3 Comments
Sep 12, 2021Liked by Laura Kelly Fanucci

I was in downtown Washington D.C. twenty years ago today. I was 15 and on a family road trip. I could tell a lot of stories about that day, but the one I remember the most is actually from 9/12 - I came downstairs in my aunt's house to see my mother sitting at the table sobbing over the photos and stories in that day's Washington Post. I took the newspaper away from her, brought her some Kleenex, and gave her a hug. 9/11 will always remind me of the first time I mothered my mother.

My personal grief ritual for this day is to listen to two songs - Where Where You When the World Stopped Turning by Alan Jackson, and Grand Central Station by Mary Chapin Carpenter.
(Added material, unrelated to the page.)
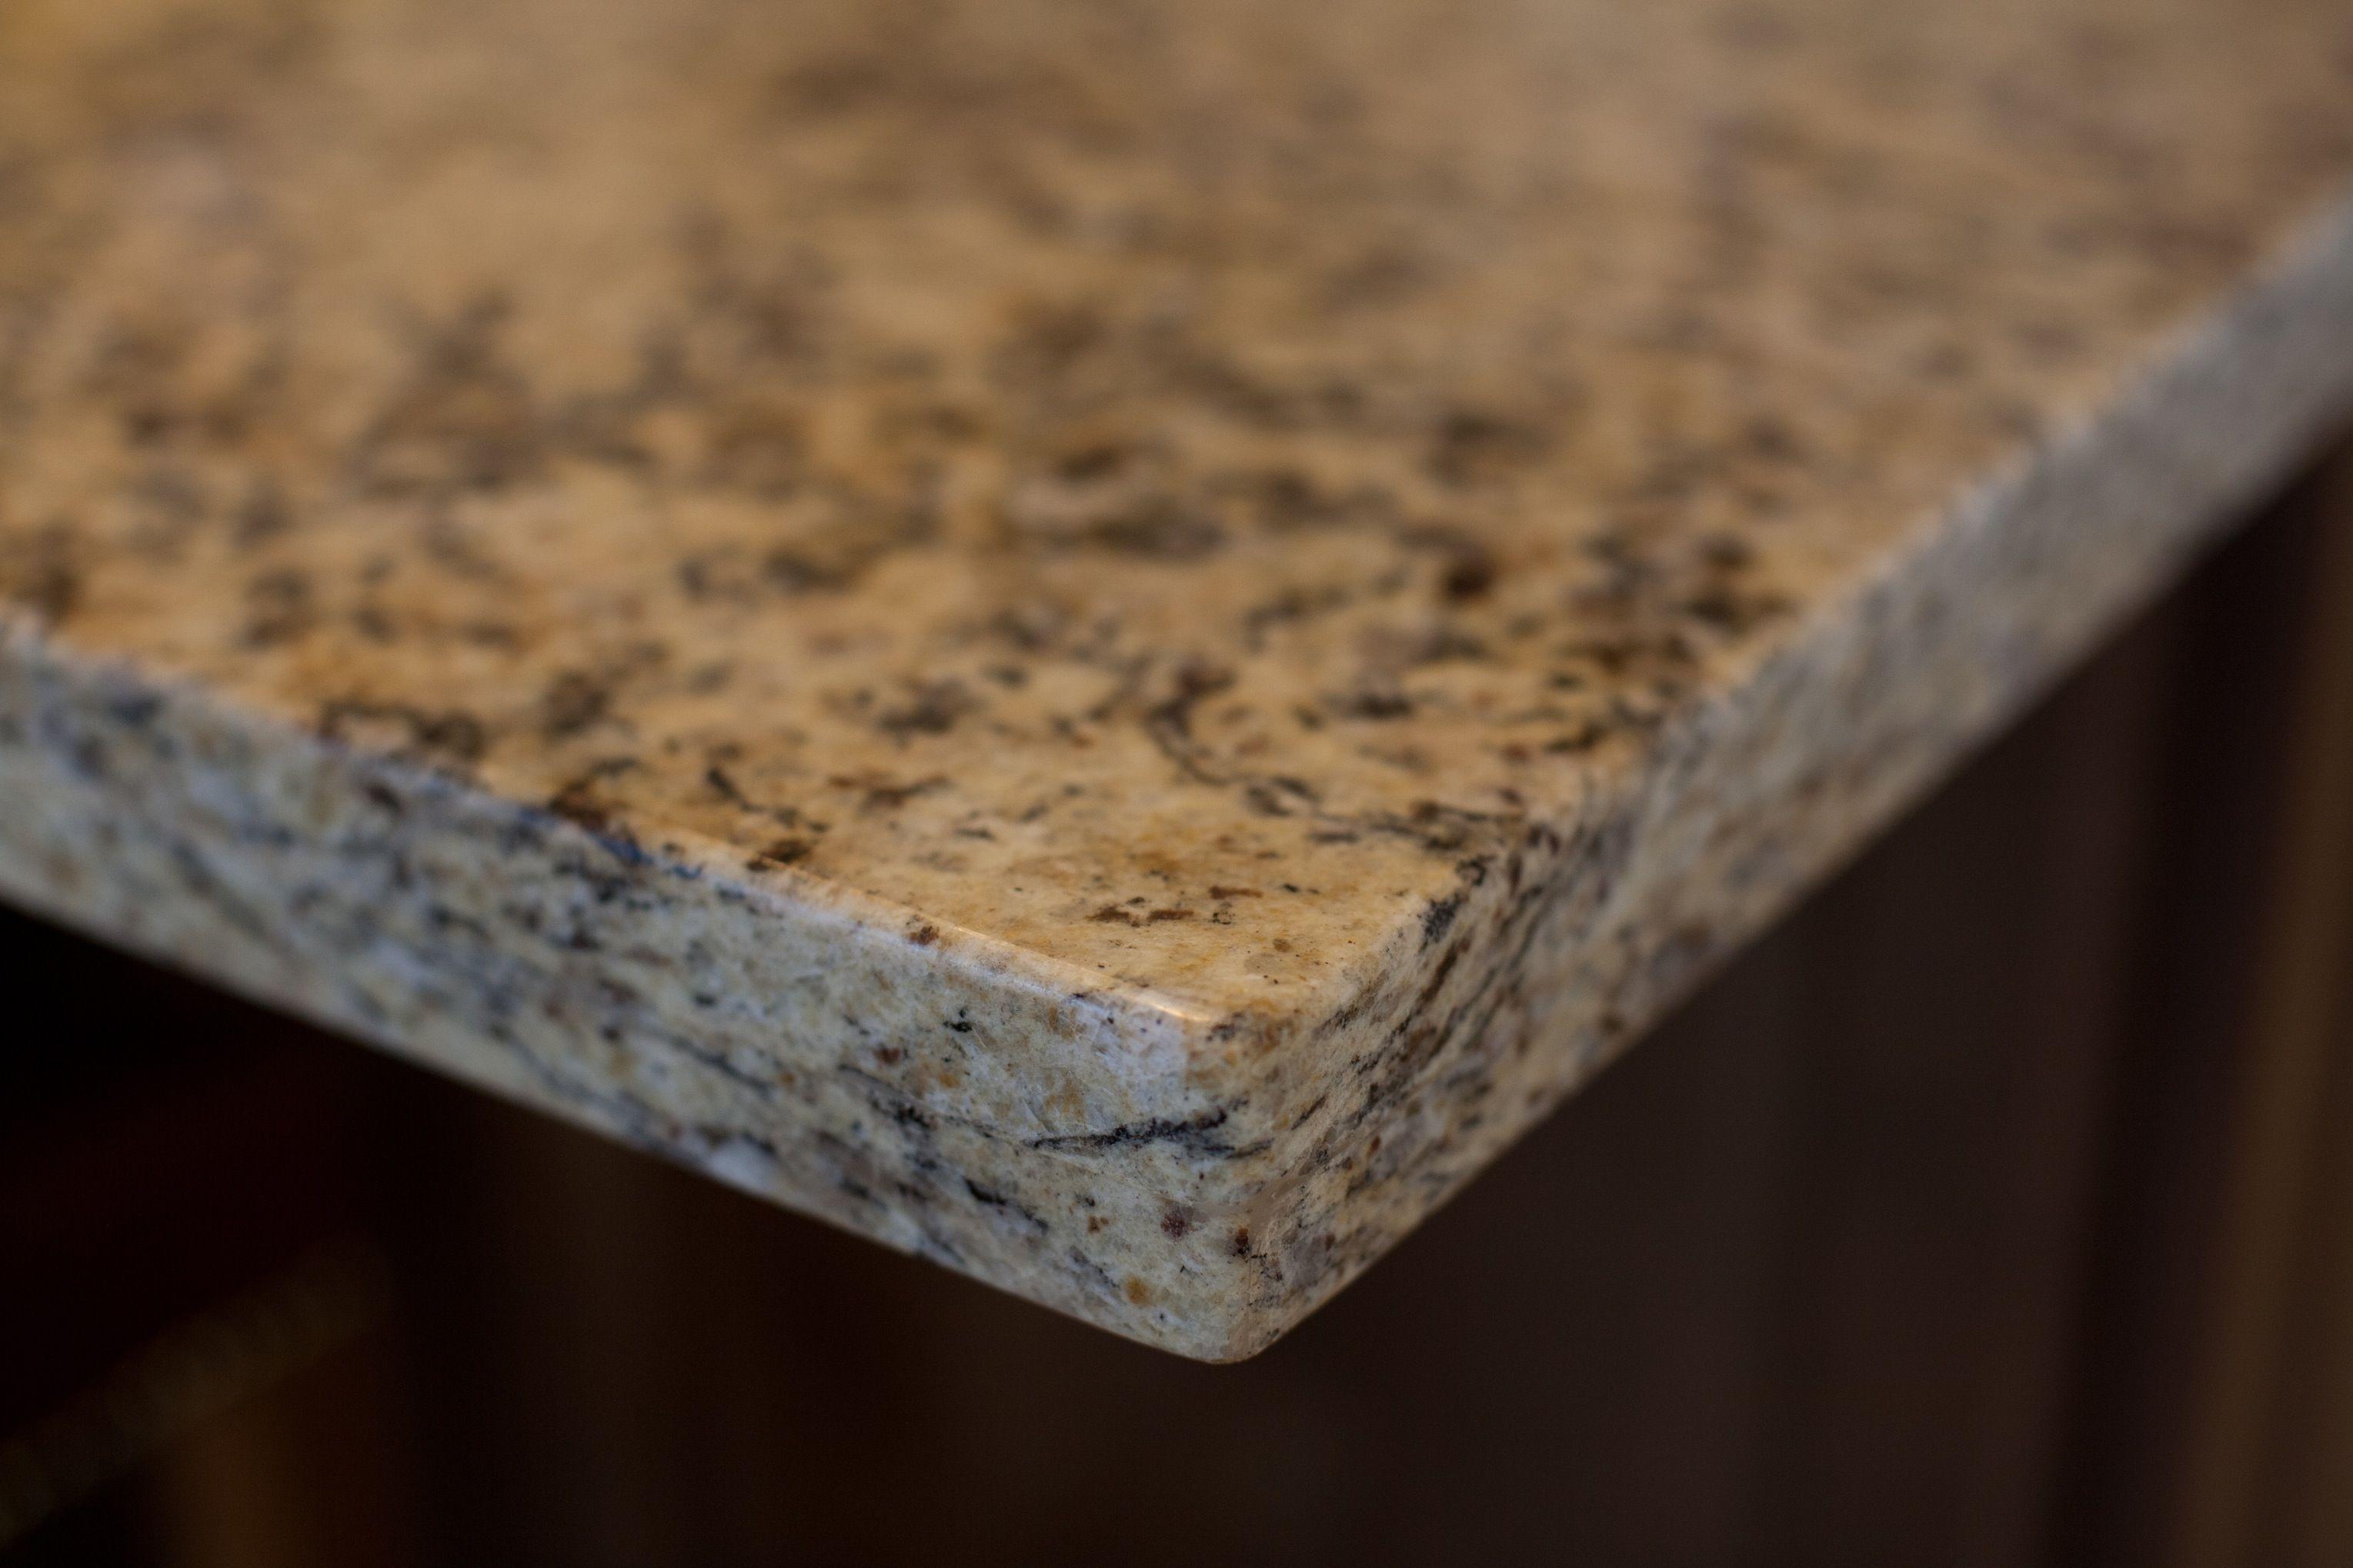 GRANITE SLAB KITCHEN COUNTERTOP U0026 BACKSPLASH  Kitchens Feature A Sleek Granite  Countertop With Stylish 1 Square Edge Detail. A Back Splash With Full  Height ...

MCC did an interview with Steve Inskeep of NPR about the writing of that song, the story of a man who is working at the Twin Towers site in the weeks after the collapse and how he feels like he brings the souls of those who died with him to the train station when he leaves every night. I always cry at the last lines of that song - "Tomorrow I'll be back there working on the pile / Going in and coming out single file / Before my job is done there's one more trip I'm making / to Grand Central Station."

Expand full comment
Sep 11, 2021Liked by Laura Kelly Fanucci

Thank you for sharing. Beautifully written. Definitely too young. A mystic in Ireland for-told a big event would happen at the towers and this ended up bringing me on two pilgrimages to Ireland. Very fruitful- somehow God brings good out of evil. Bless you.

Expand full comment

Beautiful, Laura. I remember the day so vividly.